Восемь лет по меньшей мере учился гимназист в гимназии. Восемь лет вне стен гимназии его юная жизнь находилась в безраздельной власти Пиля. Восемь лет, каждое утро, приходя в гимназию, гимназист прежде всего видел фигуру Пиля между Пушкиным и Гоголем, под часами. Пиль дергал ногой и покусывал кончик черного уса. И сердце гимназиста сжималось и дрожало, как овечий хвост. Это подкарауливало гимназическую душу само возмездие. Иван Петрович Петропович — надзиратель, главный страж внешкольного надзора. За все, что натворил вчера гимназист после гимназии, — ходил в пять минут восьмого по городу, не поклонился учителю, читал Пинкертона, курил, переодевшись, пошел в кино, — за все, за все ждала его сегодня расплата здесь, из рук Пиля…
Сегодня Пиль стоял на своем обычном месте. Правая его нога подрагивала, кончик левого уса был зажат между зубов. Гимназисты проходили мимо него — все четыре сотни — и, приостановившись, сгибались в поклоне. Они кланялись Пилю. Таких поклонов Пиль ежедневно получал четыреста. За неотданный поклон полагалось два часа карцера. Пиль отвечал на поклон коротким движением век. Лицо его оставалось каменным, таким же, как у гипсовых Пушкина и Гоголя, нога подрагивала. Глаза его быстро скользили по пуговицам шинели. Шинель должна быть застегнута на все пуговицы. Каждая незастегнутая пуговица стоит гимназисту час карцера.

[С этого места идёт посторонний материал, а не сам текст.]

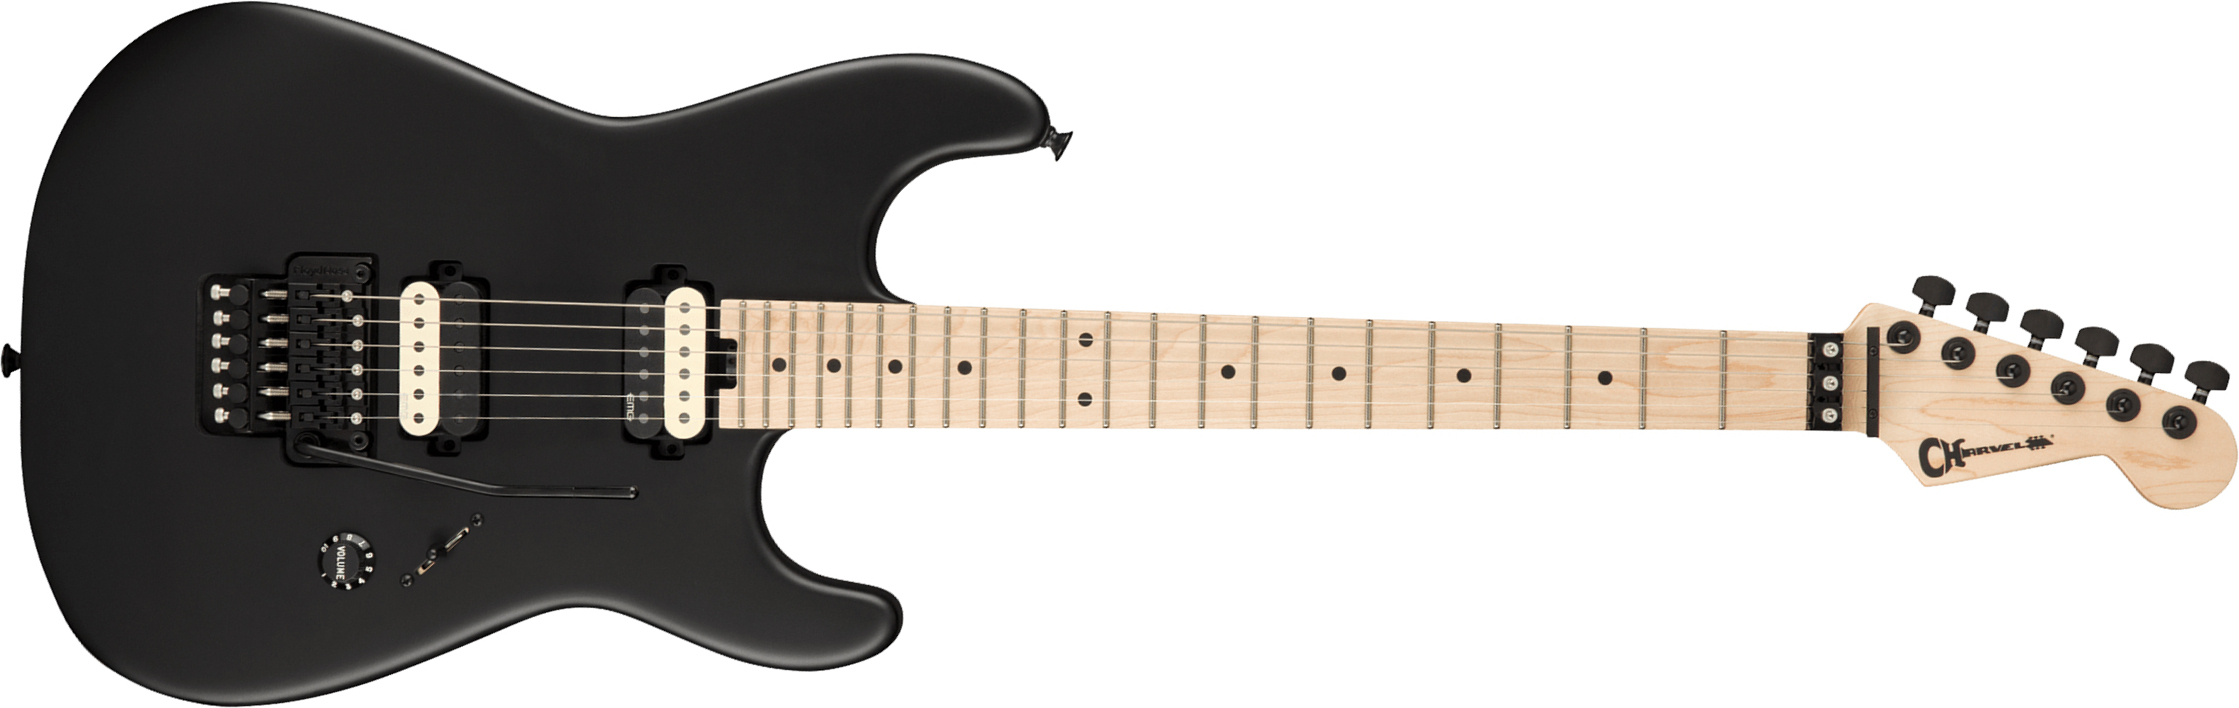 Charvel Jim Root San Dimas Style 1 Hh Fr M Pro-mod Signature 2h Emg Mn - Satin Black - Guitarra eléctrica con forma de str. - Main picture
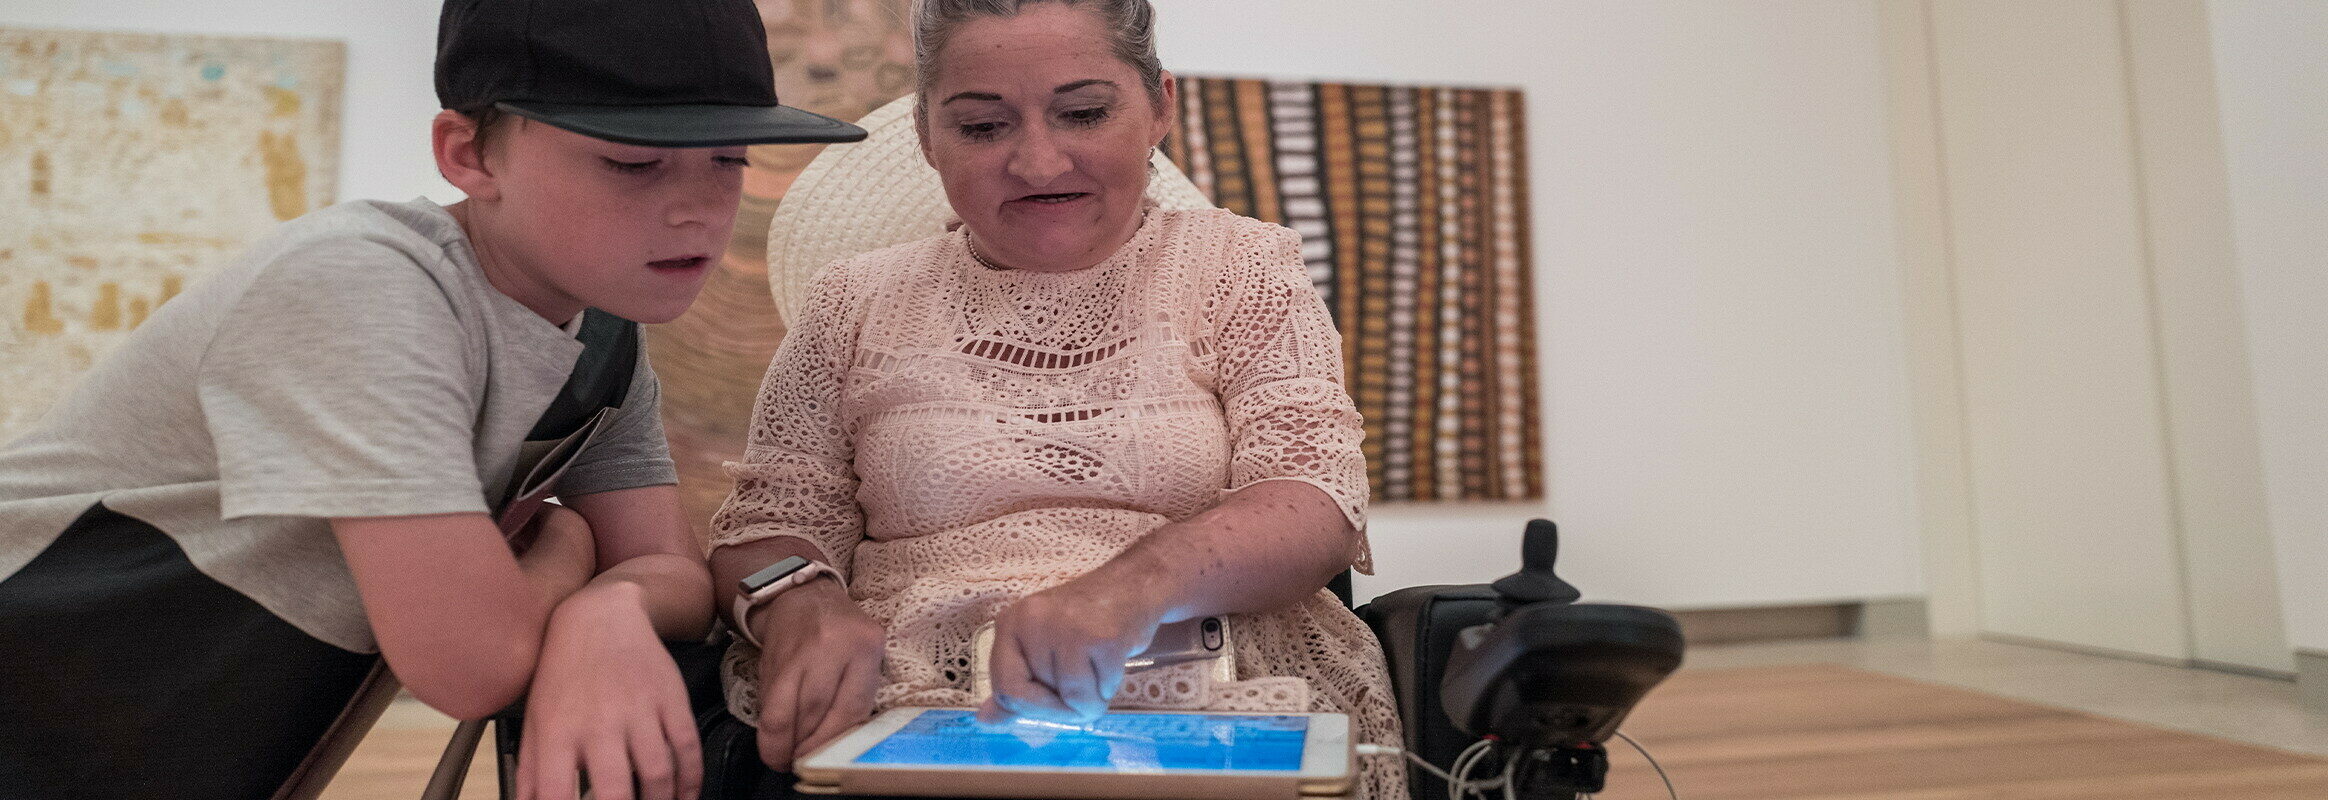 Lisa schrijft op haar iPad terwijl haar zoon leest wat ze schrijft

Но сегодня еще лето. В застегнутой шинели жарко. Она ведь только вместо плаща. Кроме того — война. Все должно идти как-то иначе, не так, как раньше, и гимназисты отвешивают свои поклоны в шинелях, распахнутых настежь, или уж, во всяком случае, с расстегнутым воротником.
Нога Пиля вздрагивает, ус зажат между бледными тонкими губами, он роняет только три слова — три тихих, спокойных, равнодушных слова:
— Кульчицкий три часа… Сербин два часа… Кашин час… Теменко шесть часов…
Фамилии всех четырехсот гимназистов Пиль знает на память. За каждую незастегнутую пуговицу полагается один час карцера.
Ошарашенные, мы проходили в раздевалку. Неужто это правда? А война? А то новое, что отныне должно было начаться? Мы устремляемся в класс. Может быть, это ошибка? Нет. Это правда. Нам не почудилось. Из сорока учеников тридцать уже здесь. И почти все тридцать получили кто по два, кто по три, а кто и шесть часов — за все шесть незастегнутых пуговиц. Как же это так? Пиль оставил нас «без обеда»? Тех, к кому директор уже обращался: «Господа, послужим вере, царю и отечеству»?! Тех, что вот уже сколько дней и ночей не покидают воинской рампы, кормят солдат, ухаживают за ранеными, помогают врачам, по локоть увязли в гное и солдатской крови?! А трое из них уже ушли на фронт добровольцами! За незастегнутую пуговицу? Так же точно, как в прошлом году? Это немыслимо!
Класс гудел, как растревоженный шмелиный рой.
Наше волнение было так велико, что даже такое исключительное событие, как недавнее бегство на фронт трех товарищей, в эту минуту отступило на второй план. Гимназия шумела и бурлила.
Наконец оглушительное дребезжание разбитого колокольчика известило о начале молебна. Построившись парами, мы направились в церковь.